The MTF has included questions on nicotine and marijuana vaping since 2017, and usage soared over the first three years studied. To wit: past-year nicotine vaping by roughly doubled from 2017 to 2019 for eighth graders (7.5% to 16.5%), 10th graders (15.8% to 30.7%) and 12th graders (18.8% to 35.3%). In 2020, however, such usage has plateaued at 16.6%, 30.7% and 34.5%, respectively. A marked decline was found in near-daily nicotine vaping (20 times within the past 30 days) among 10th and 12th graders.

Also of note with regards to nicotine vaping, use of JUUL vaping devices, previously the most popular brand among teens, declined.

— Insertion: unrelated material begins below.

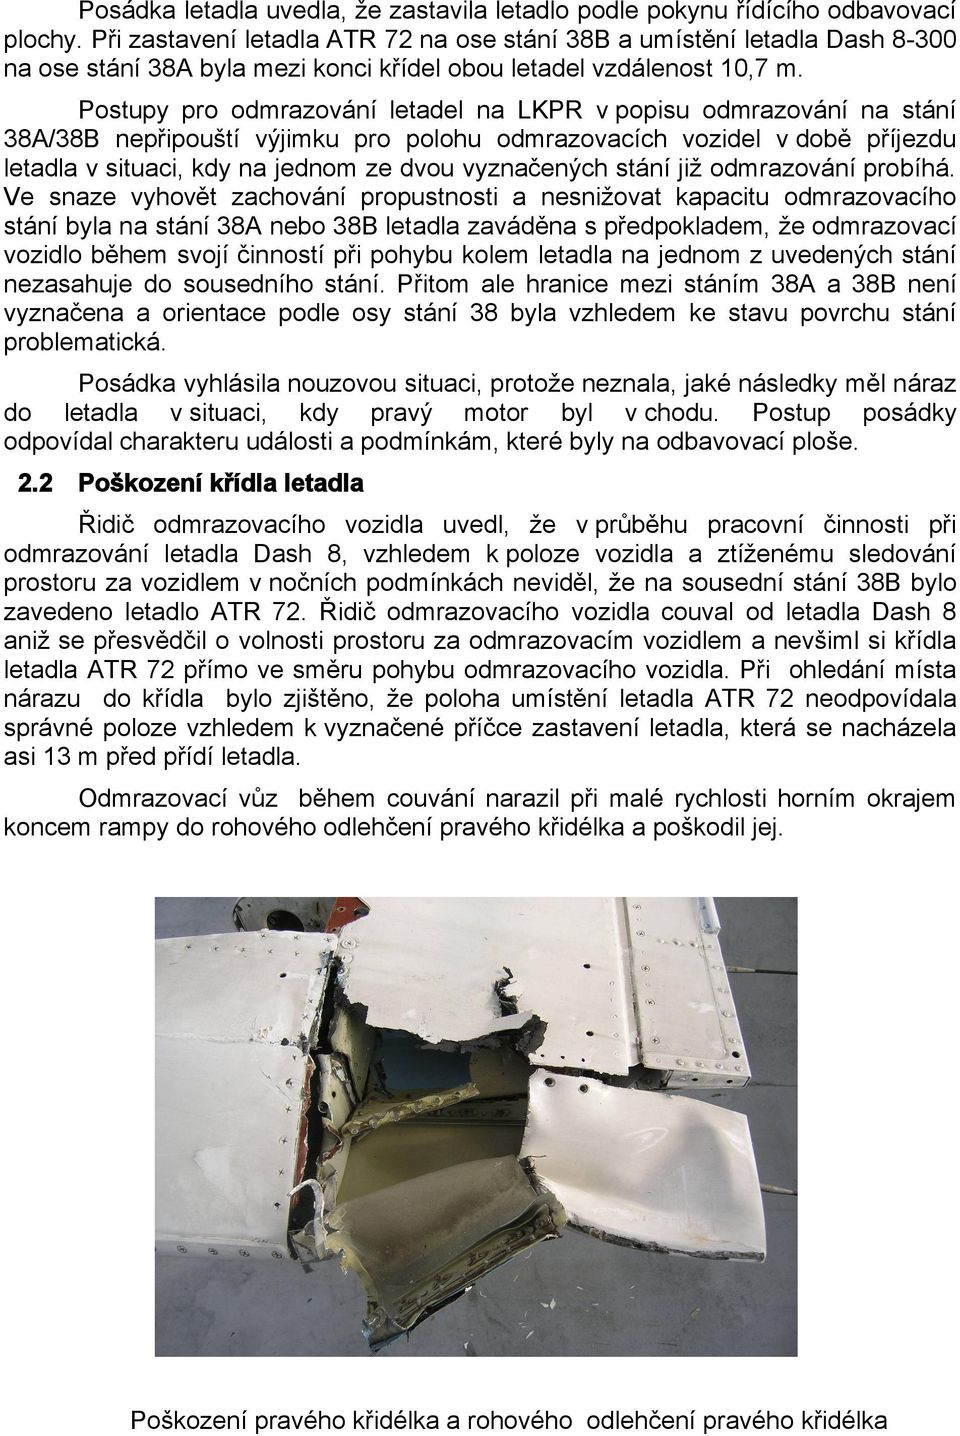 Postupy pro odmrazování letadel na LKPR v popisu odmrazování na stání 38A/38B nepřipouští výjimku pro polohu odmrazovacích vozidel v době příjezdu letadla v situaci, kdy na jednom ze dvou vyznačených

Past-year usage of JUUL devices among 10th graders dropped from 28.7% in 2019 to 20% in 2020, and among 12th graders, usage dropped from 28.4% to 22.7%.

“The rapid rise of teen nicotine vaping in recent years has been unprecedented and deeply concerning since we know that nicotine is highly addictive and can be delivered at high doses by vaping devices, which may also contain other toxic chemicals that may be harmful when inhaled,” said NIDA director Nora D. Volkow, MD, said in a news release announcing the findings. “It is encouraging to see a leveling off of this trend, though the rates still remain very high.” 

Past-year vaping of marijuana among all three grades surveyed remained consistent in 2020, while daily marijuana vaping decreased by more than half to 1.1% for 10th graders and 1.5% for 12th graders. Overall use of marijuana in all forms (including smoking and vaping) remained the most commonly used illicit substance among adolescents and usage did not change among any of the grades surveyed for lifetime, past-year or past-30-day use.

Other findings from the MTF survey:

  • Past-year, non-medical use of amphetamines among eighth graders climbed from 3.5% to 5.3% in 2020, but 10th and 12th graders have reported lows in past-year use at 4.3%, continuing a five-year decline.
  • Past-year use of inhalants among eighth graders has also increased, from 3.8% in 2016 to 6.1% in 2020, while 12th graders’ use has dropped to all-time lows.

NIDA noted that this year’s survey was cut short by the COVID-19 pandemic. Responses from students were collected from Feb. 11 through March 14, and the 11,821 surveys that were completed were about 25% from a normal year’s total. Results came "from a broad geographic and representative sample, so the data were statistically weighted to provide national numbers,” NIDA said. The study’s investigators are currently working with schools to deploy the 2021 survey early next year.